I will say that if the evangelical elite are good at one thing it is throwing people under the bus. Which is darkly humorous to me over the ruckus they made from Driscoll saying he did the same thing. They have achieved their comfortable niche and they want to enjoy it undisturbed, just adulation and obedience from the loyal. They are no longer young, restless, and they are only technically reformed. And like the pope before them, they are not all to happy at these upstarts crying “semper reformanda.”

Conclusion

I will say this for Russell Moore, weasel though he may be, he at least has been clear. Russ has made a career out of saying leftist things in a conservative voice. And he has not hesitated to call in to question the salvation of those who disagree with him. As Aaron Renn has recently pointed out he talks like an old school fundamentalist, all fire and damnation, particularly if you voted for Trump, or didn’t get vaccinated, or were Southern Baptist. For these reasons I do not like him. But if I were honest I would sooner have him and his honesty over the cowering but somehow prideful bunch who chides me for being a little too extreme in my orthopraxy. 

I think we are prime for a new reformed movement here in America, our betters see it coming and hope to make quick work of us. Don’t give em the chance, batten down the hatches, hoist the Luther’s Rose, damn the cannons and full speed ahead. 

*ironically a good bit of Chandler’s success was in his tweaking of seeker sensitive methods while critiquing the old ones.

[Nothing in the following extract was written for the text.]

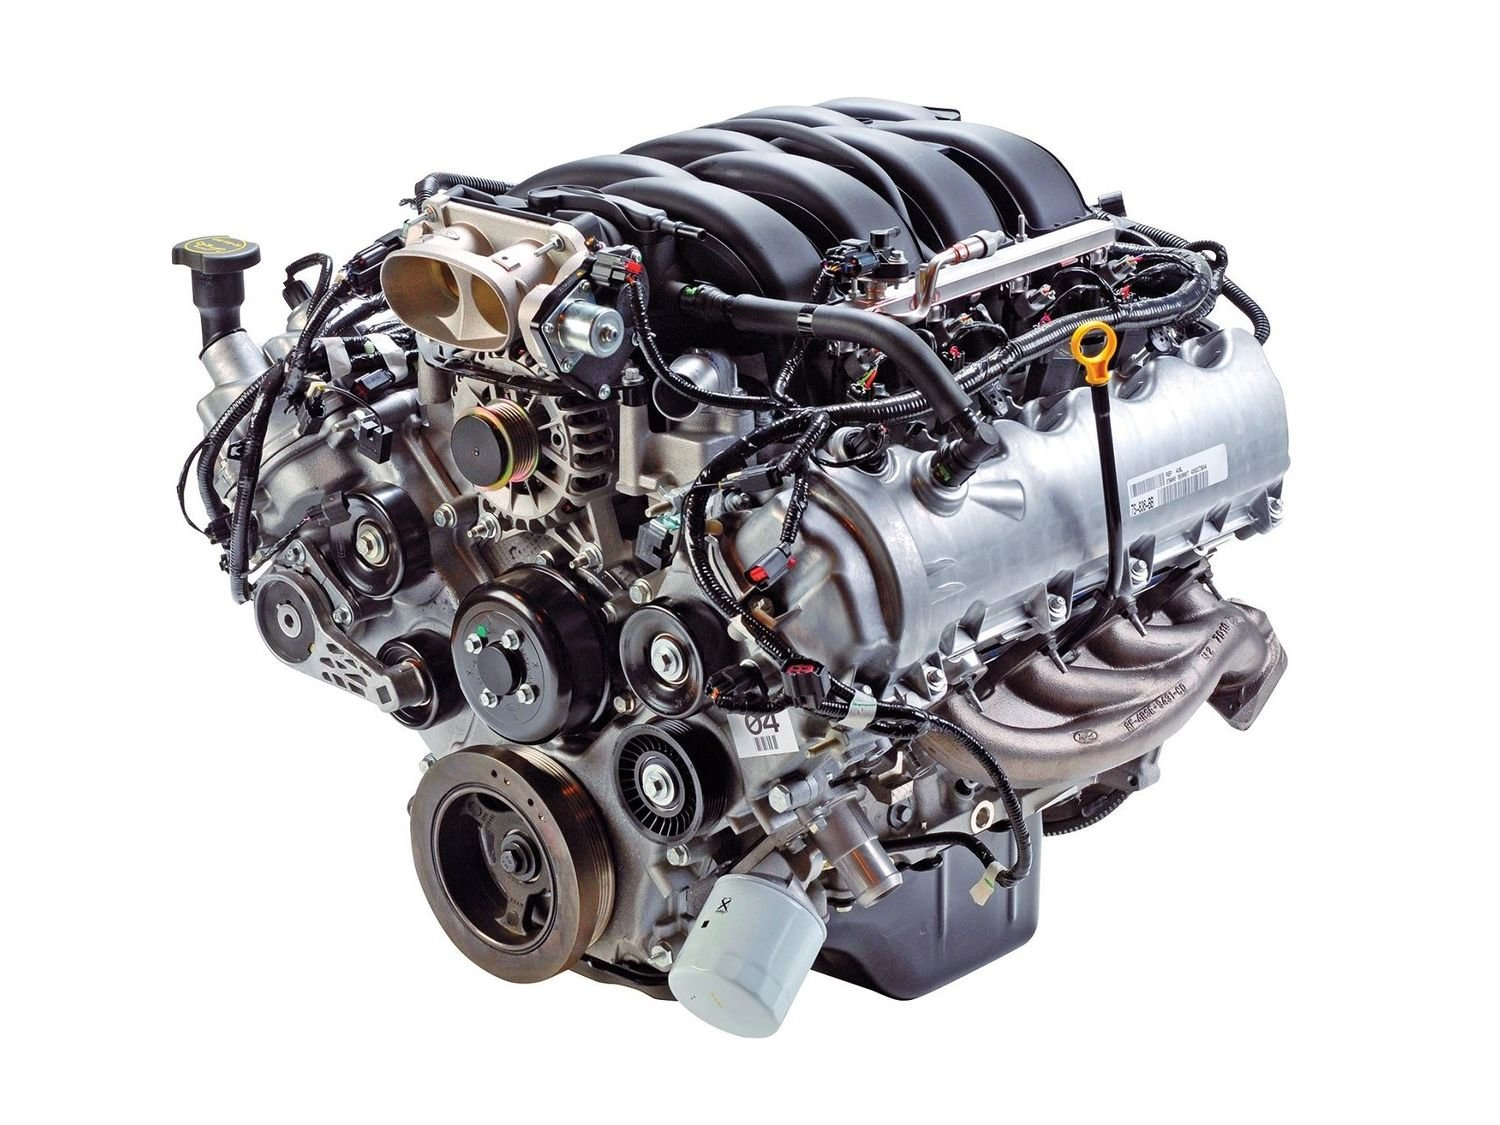 Купить двигатель v6. 4.6 L Modular SOHC v8. Двигатель Форд 4.6 v8. Двигатель Форд эксплорер 4.6 v8. Ford Triton 5.4l v8.
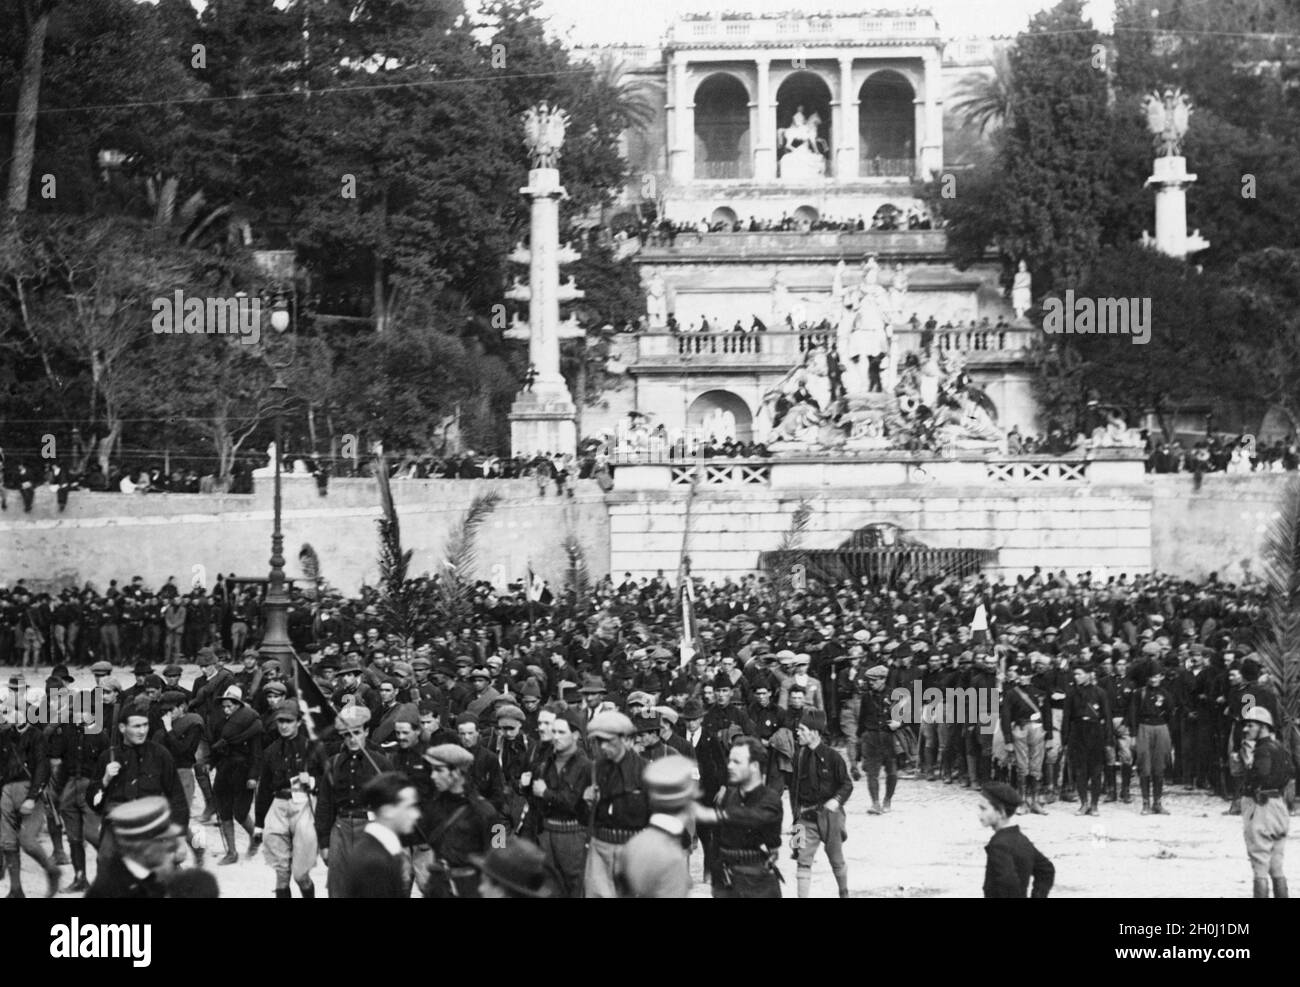 Die 'Faschisten' ''Marsch auf Rom'' wurde am 31. Oktober 1922 von einer Parade und einer Siegesfeier in der Stadt gekrönt. Auf dem Bild feiern die Blackshirts auf der Piazza del Popolo vor der Fontana della Dea Roma. Im Hintergrund, über dem Reiterdenkmal, befindet sich die Terrazza del Pincio. [Automatisierte Übersetzung]' Stockfoto

As evidenced by the fact that most of these young guys were really distracted by the quality of the production value that their local church just could not match.

**Sorry, baby murderer, abortion supporter.

***Jonathan Leman from 9 Marks response was good though, while managing to never speak the identity of Wilson Who Must Not be Named In Polite Circles.

****I started this article intending to focus on McCracken’s piece entirely, but while there were a few good small points, such as raise your objections directly to your own pastor, which I have done and agree with; most of it could be summed up in the words of your Italian cousin Ira, “Who you gonna believe here, me? Or your own lyin eyes?” As I have written before many decent sized church, pastors sound similar, because they are similar. They run in the same circles, they read the same books and blogs, and the leftists in their churches are much more trendy and hospitable than the conservatives. It is fair to use the generic, when I begin to see a difference in trends, you will see a difference in my terminology.